Orland Smith

Profile
- Position: Tackle

Personal information
- Born: November 5, 1905 Gorham, Maine, U.S.
- Died: August 14, 1977 (aged 71) Providence, Rhode Island, U.S.
- Height: 5 ft 11 in (1.80 m)
- Weight: 215 lb (98 kg)

Career history
- Providence Steam Roller (1927–1929);

Awards and highlights
- First-team All-American (1926);
- Stats at Pro Football Reference

= Orland Smith (American football) =

American football player (1905–1977)

Orland Francis Smith (November 5, 1905 - August 14, 1977) was an American football player. He was a Brown University football hero who played both guard and tackle as one of Brown's immortal Iron Men, and in their undefeated 1926 season was named an All American by sportswriter Grantland Rice.

Smith was born in 1905 in Gorham, Maine. He was the son of Caleb and Lena (Meguier) Smith. He attended Brockton High School in Massachusetts.

After high school, he attended Brown University where he played college football from 1924 to 1926. He was selected by the Associated Press as a third-team player, and by Collier's Weekly as a second-team player, on the 1926 College Football All-America Team. When he played at defensive tackle and offensive guard for Brown University he was described in December 1926 as "fast and aggressive" and "one of the fastest and most versatile forwards of the year." In later years he served as an alumni trustee of Brown University.

Smith also played at the tackle position in the National Football League (NFL) for the Providence Steam Roller from 1927 to 1929. He appeared in 31 NFL games, 15 of them as a starter.

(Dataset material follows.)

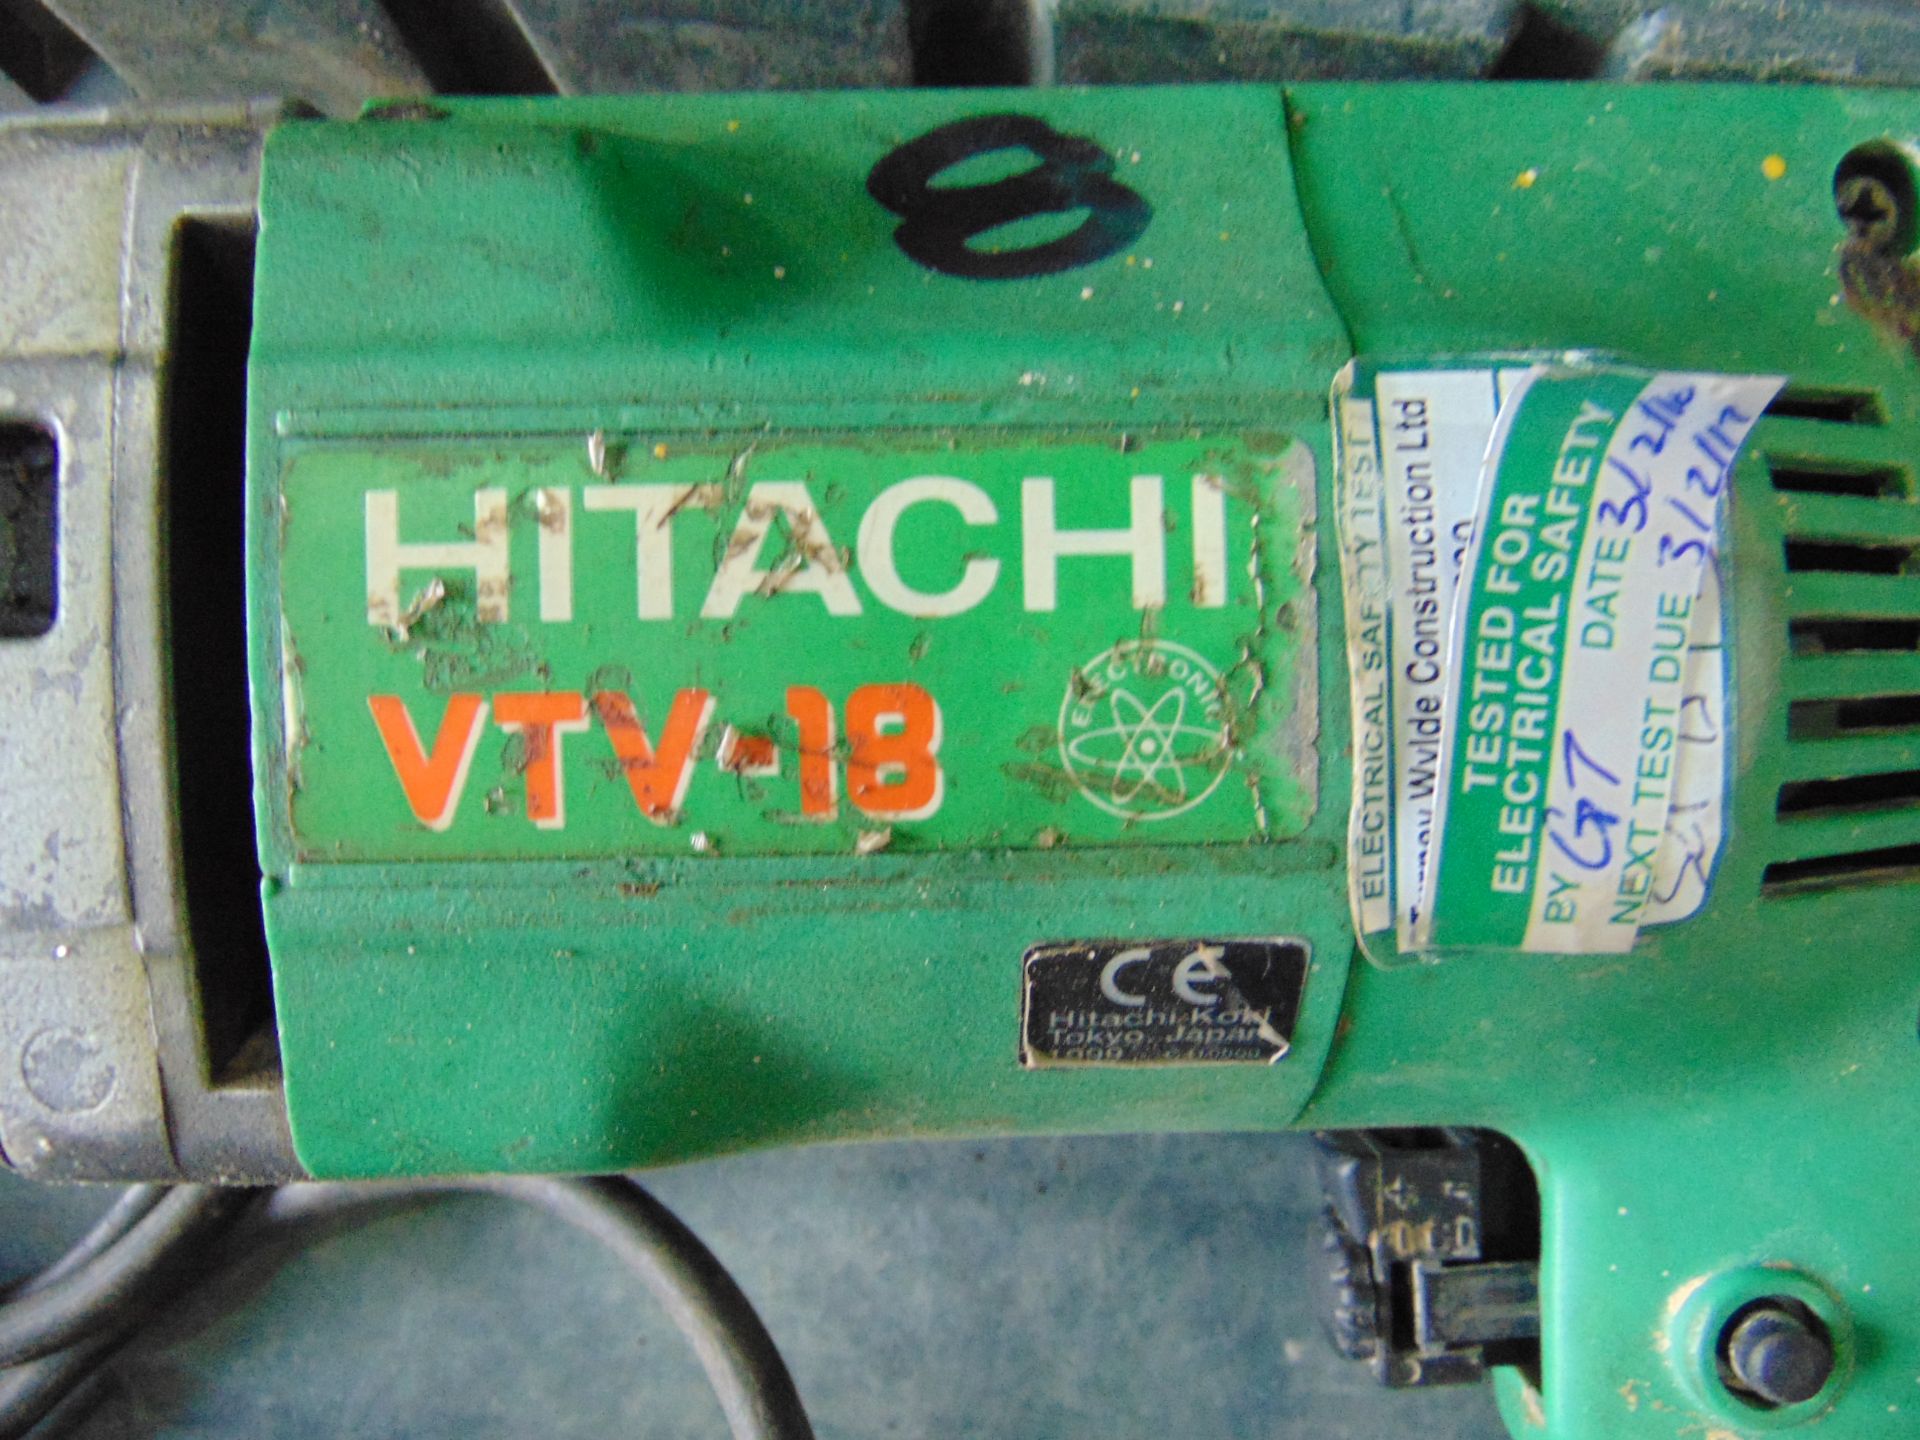 Hitachi Vtv18 Rotary Impact Drill 110v - Image 4 of 6

Smith played for the Providence Steam Roller to pay his way through medical school at Boston University. He helped the Providence Steam Roller team drive to a World championship in 1928. Smith attended medical school during the week while playing in the NFL on Sundays. He graduated from Medical School in 1931 and served his internship at Somerville (Mass) Hospital and later at Rhode Island and Lying-In Hospitals.

In 1940, Dr. Smith began what became a four-year effort to get into the armed forces. Finally, in 1944, after much repeated physical exams and much red tape, he was commissioned a Lieutenant Commander in the Navy. He served in the Pacific aboard the ship Bountiful being just offshore in the hospital ship at major battles on Guam, Saipan, Leyte Gulf, Iwo Jima and Okinawa.

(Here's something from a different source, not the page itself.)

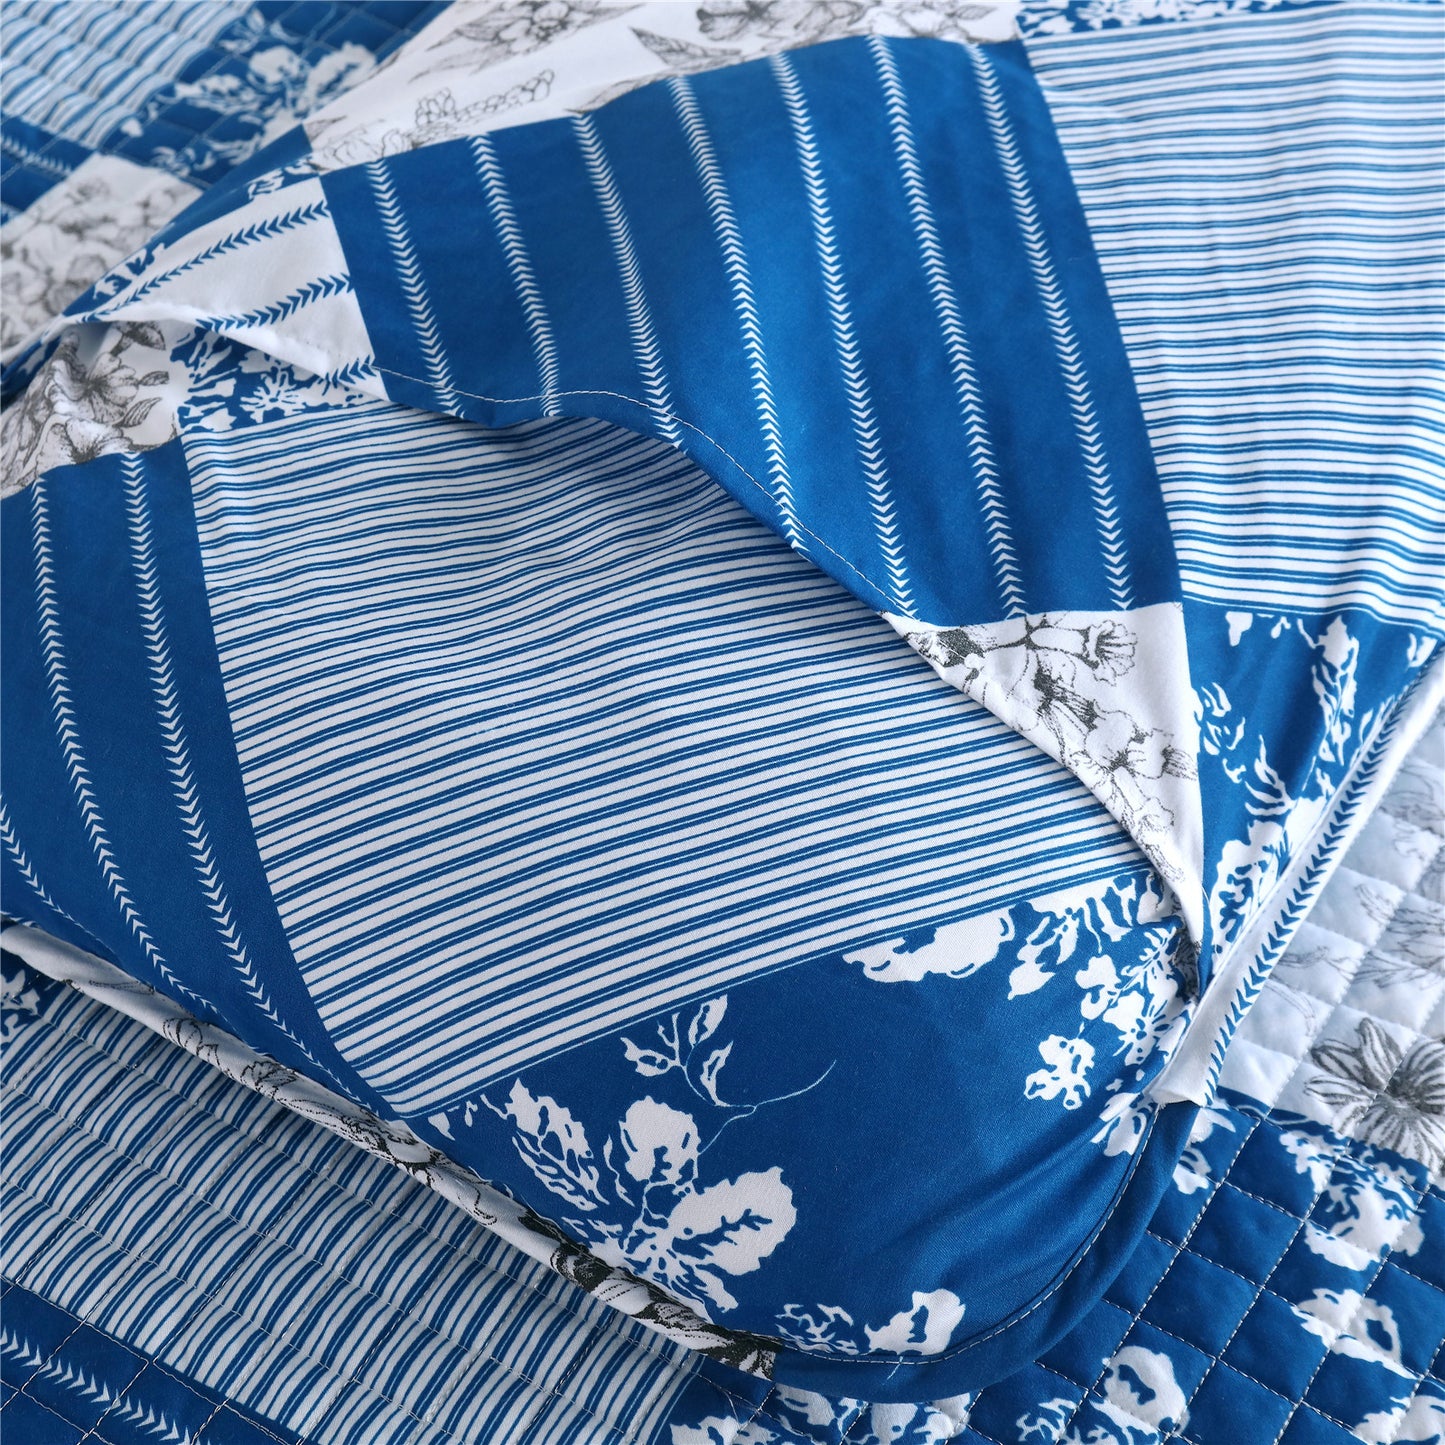 Blue Line Lattice Flower Splicing 3 Pieces Quilt Set with 2 Pillowcases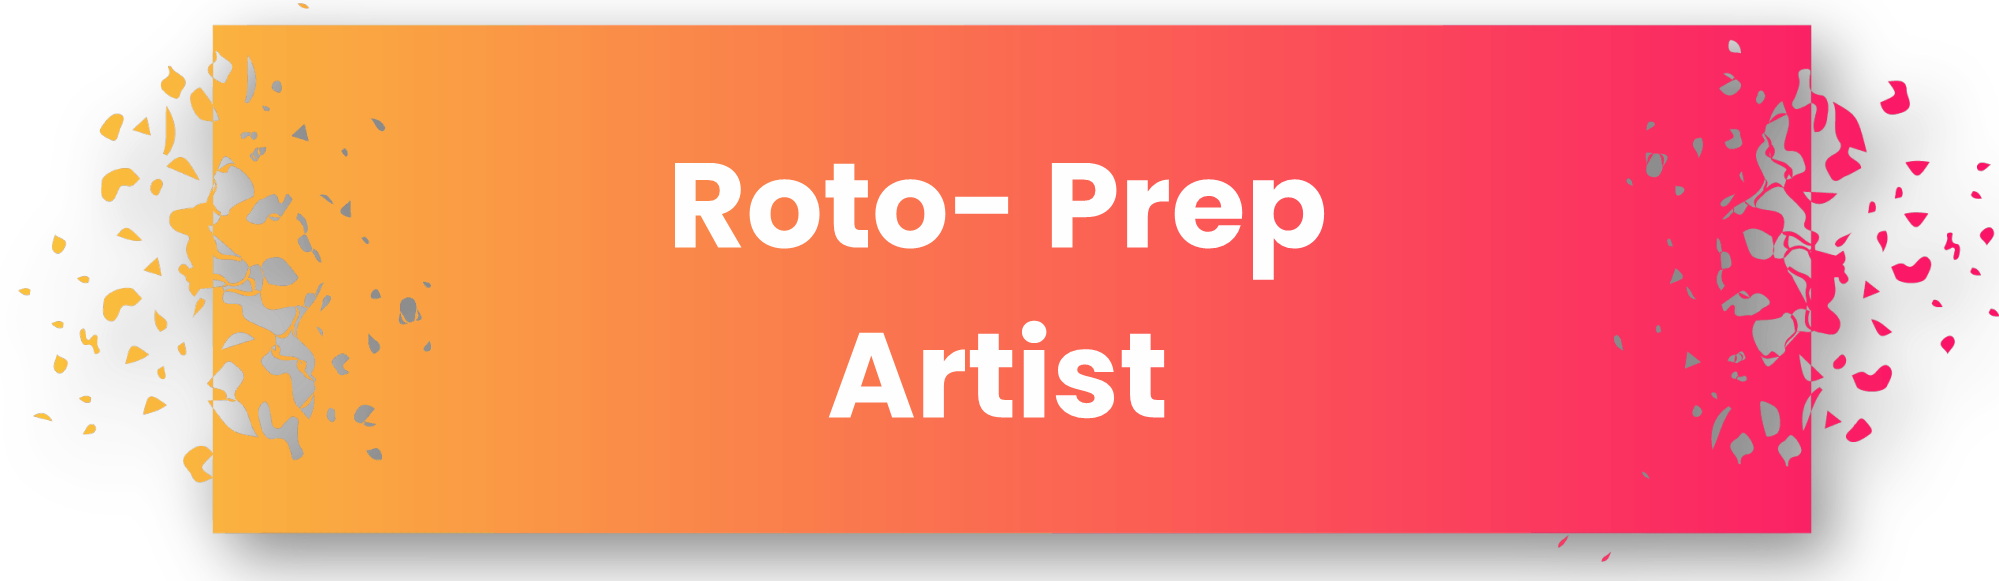 Roto- Prep

Dr. Smith had a 45 year surgical career in Rhode Island. He served his residency in surgery at both Rhode Island Hospital and Brockton (Mass) Hospital. He served as Chief of Surgery at Memorial Hospital in Pawtucket (1954 - 1964) and Notre Dame Hospital in Central Falls. He was also on the consulting staff of several hospitals in Rhode Island and maintained (2) private practice offices on Angell St., Providence, RI and in Pawtucket. He was a member of the International College of Surgeons, the New England and the Providence Surgical Societies, and the Rhode Island and Pawtucket Medical Societies. He was as well known in sports circles as he was in the operating room.

Dr. Smith was the husband of Mary (Norton) Smith and lived on Sweet Road in the Georgiaville section of Smithfield, Rhode Island. Until 1945 he also maintained a small gentleman's farm in Chepachet for many years.

Smith died on August 14, 1977 in the Jane Brown Unit of Rhode Island Hospital, Providence, Rhode Island.